Task to carry out → The whole listing that follows is to be restated word for word, images excluded.

————————

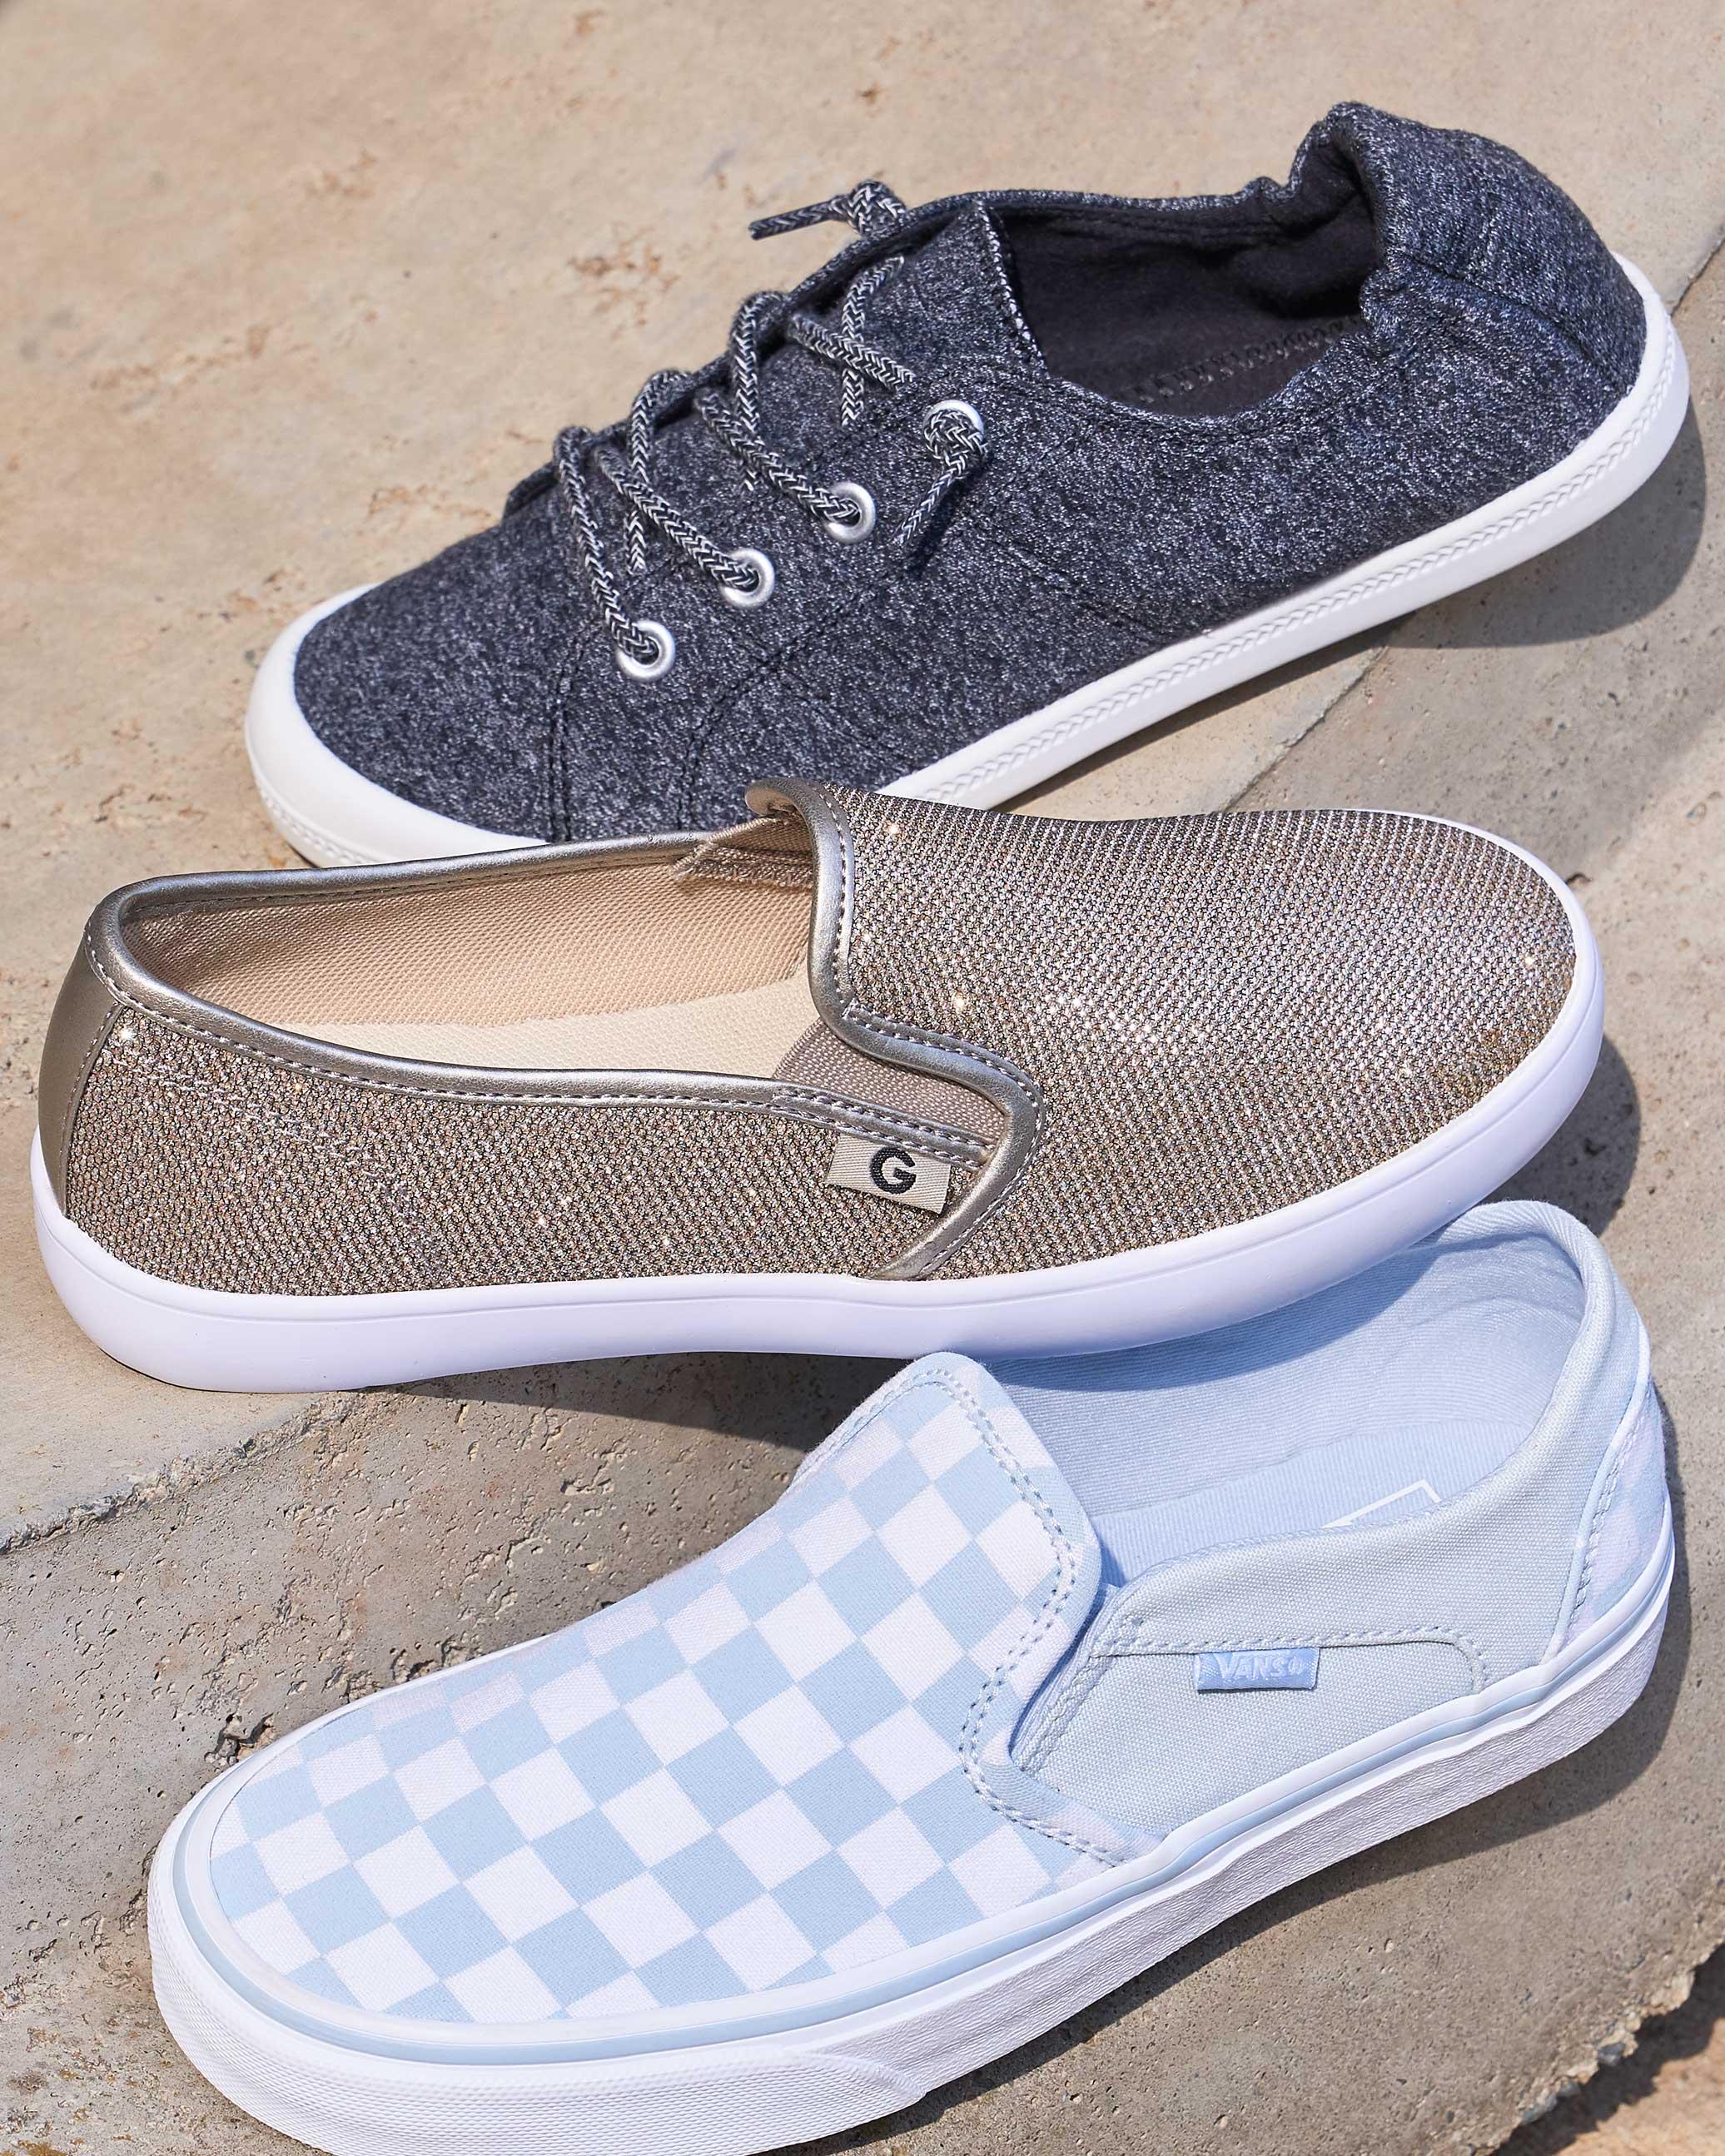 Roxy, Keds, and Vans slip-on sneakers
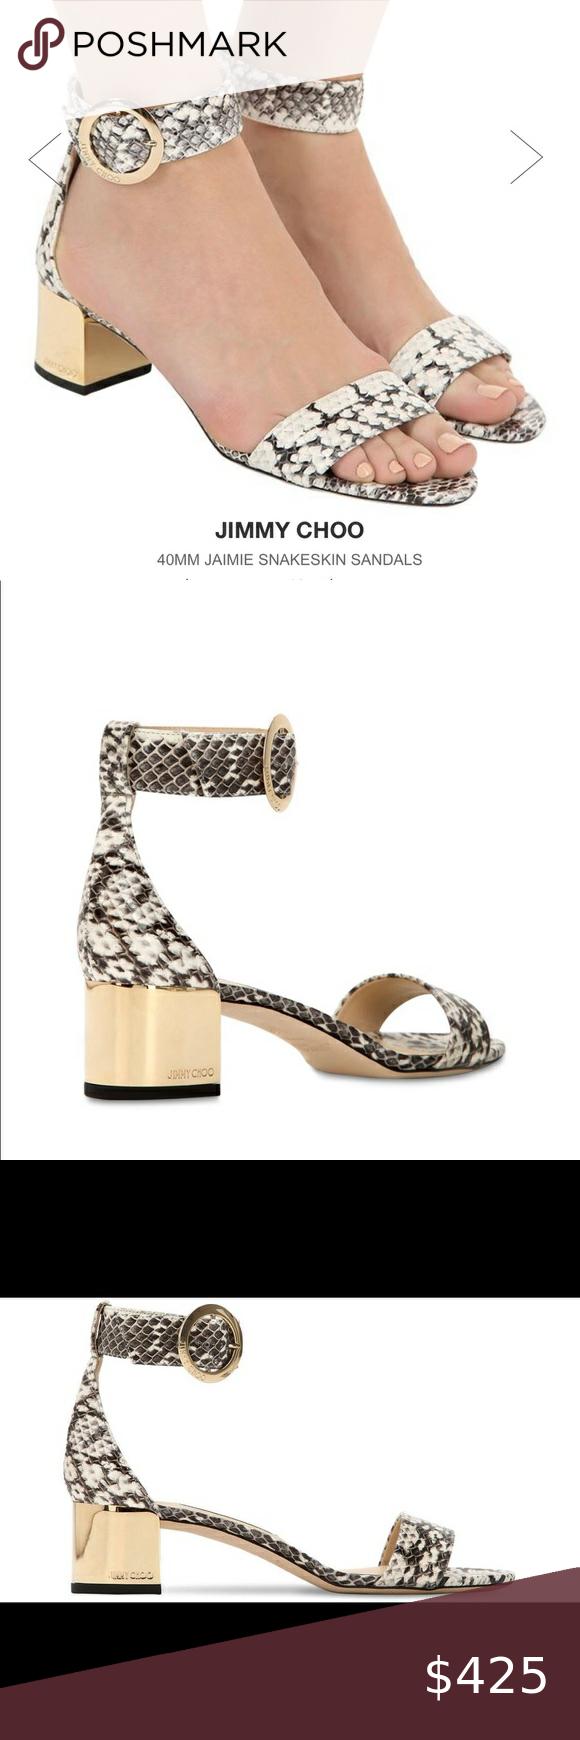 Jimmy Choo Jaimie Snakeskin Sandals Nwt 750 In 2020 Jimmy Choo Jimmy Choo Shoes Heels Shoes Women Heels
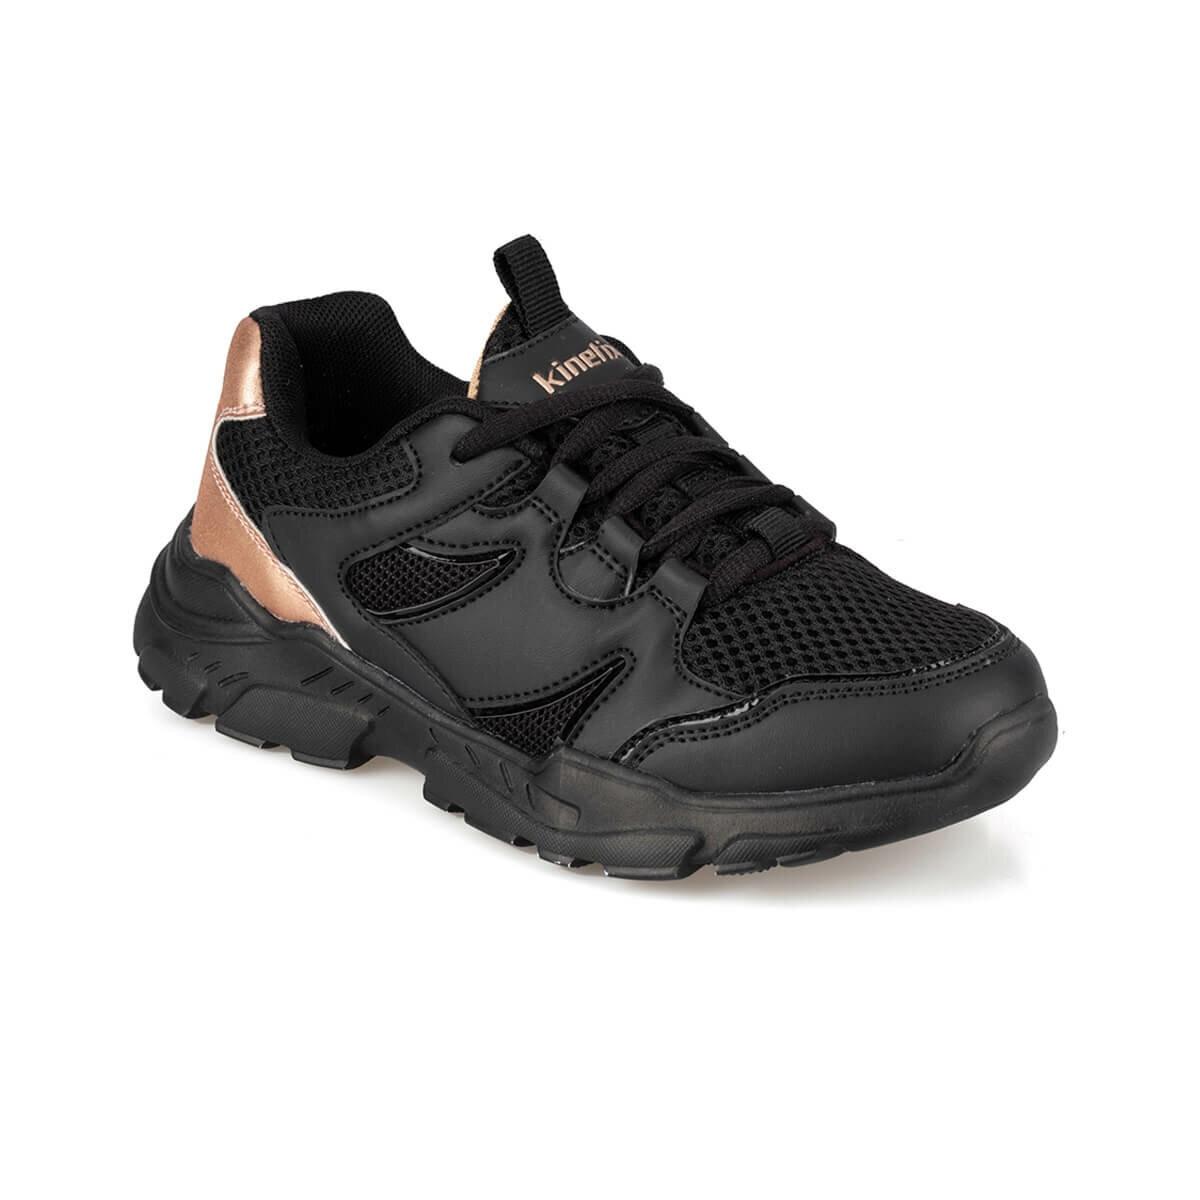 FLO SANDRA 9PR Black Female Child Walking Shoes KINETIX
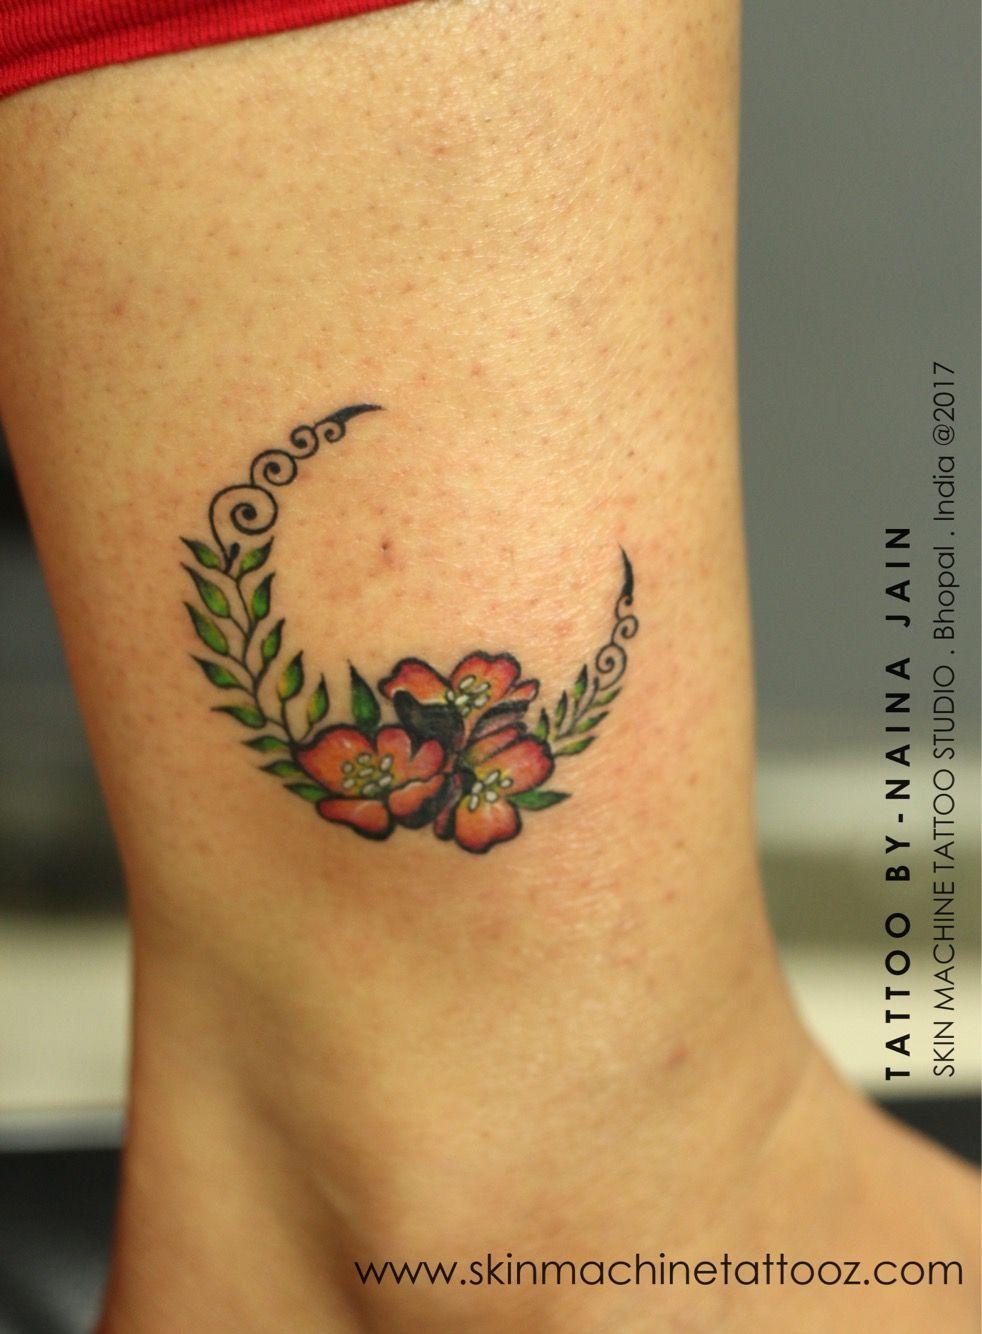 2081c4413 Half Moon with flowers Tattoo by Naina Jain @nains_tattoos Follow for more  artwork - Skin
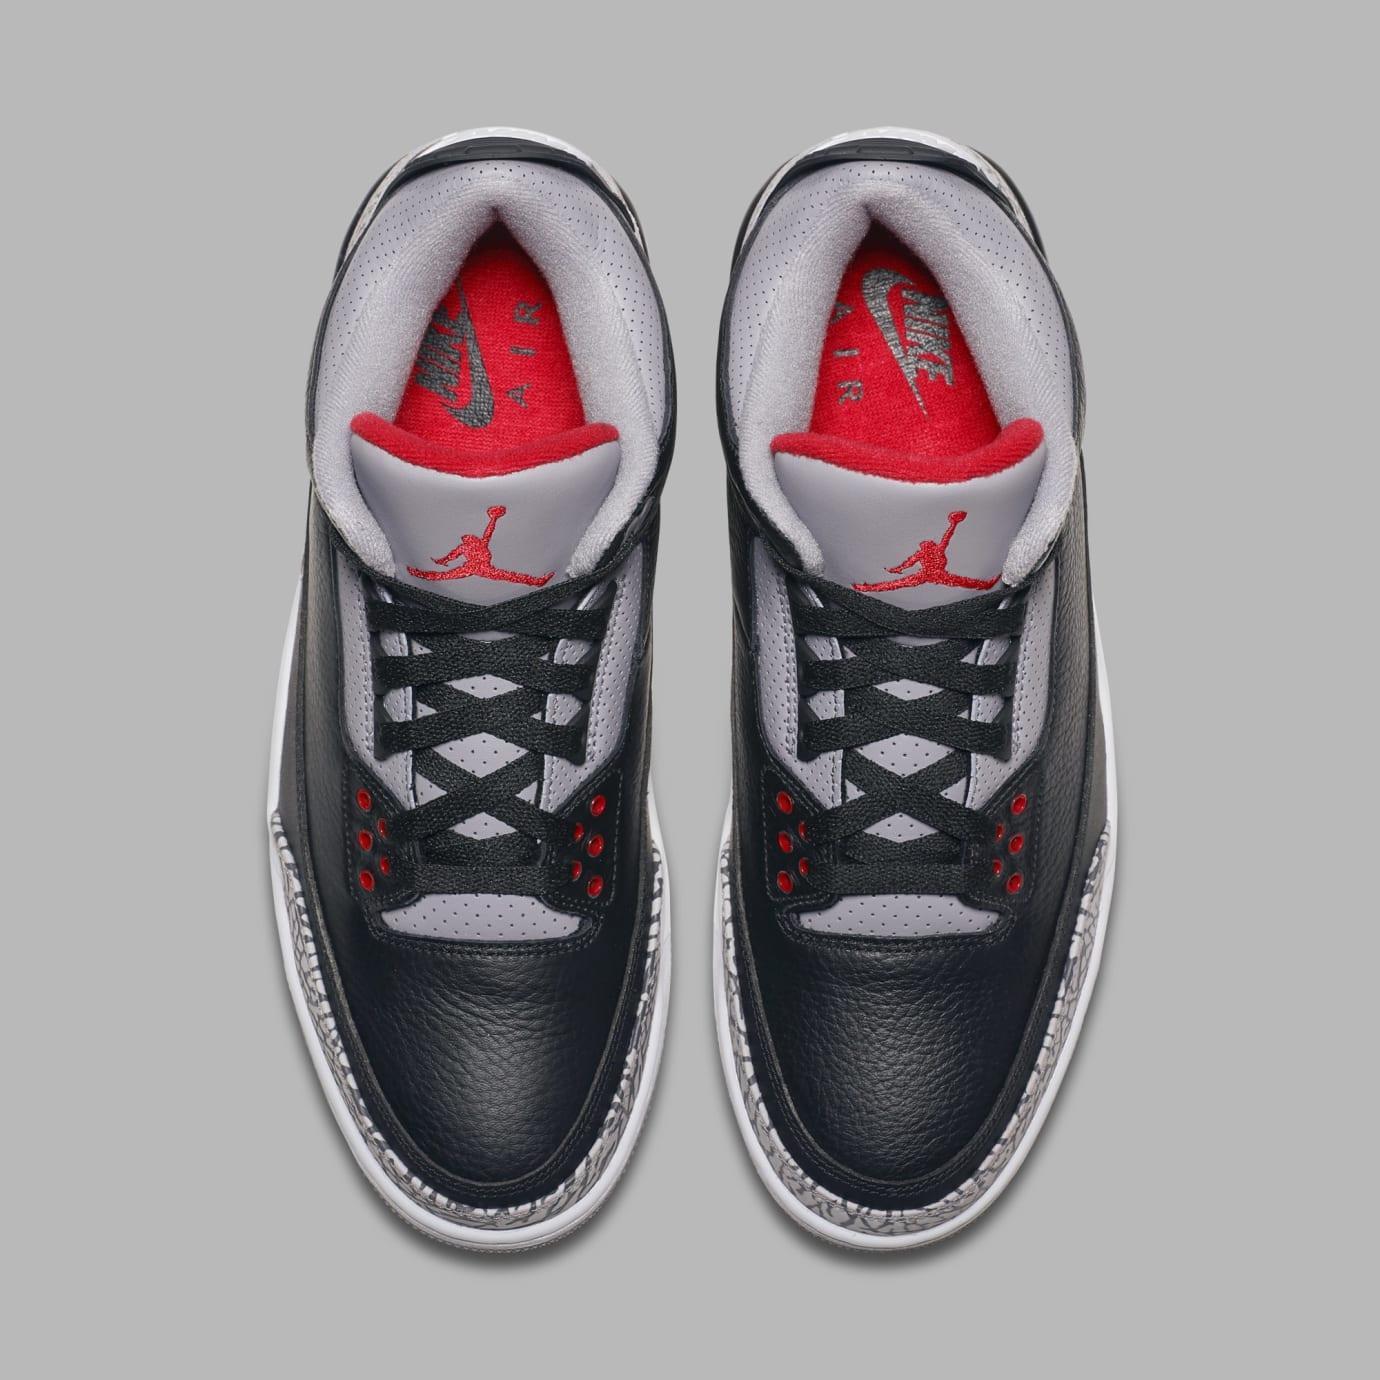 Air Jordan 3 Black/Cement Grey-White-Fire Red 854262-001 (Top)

————————

Solution below →
 Roxy, Keds, and Vans slip-on sneakers
 Jimmy Choo Jaimie Snakeskin Sandals Nwt 750 In 2020 Jimmy Choo Jimmy Choo Shoes Heels Shoes Women Heels
 FLO SANDRA 9PR Black Female Child Walking Shoes KINETIX
 2081c4413 Half Moon with flowers Tattoo by Naina Jain @nains_tattoos Follow for more  artwork - Skin
 Air Jordan 3 Black/Cement Grey-White-Fire Red 854262-001 (Top)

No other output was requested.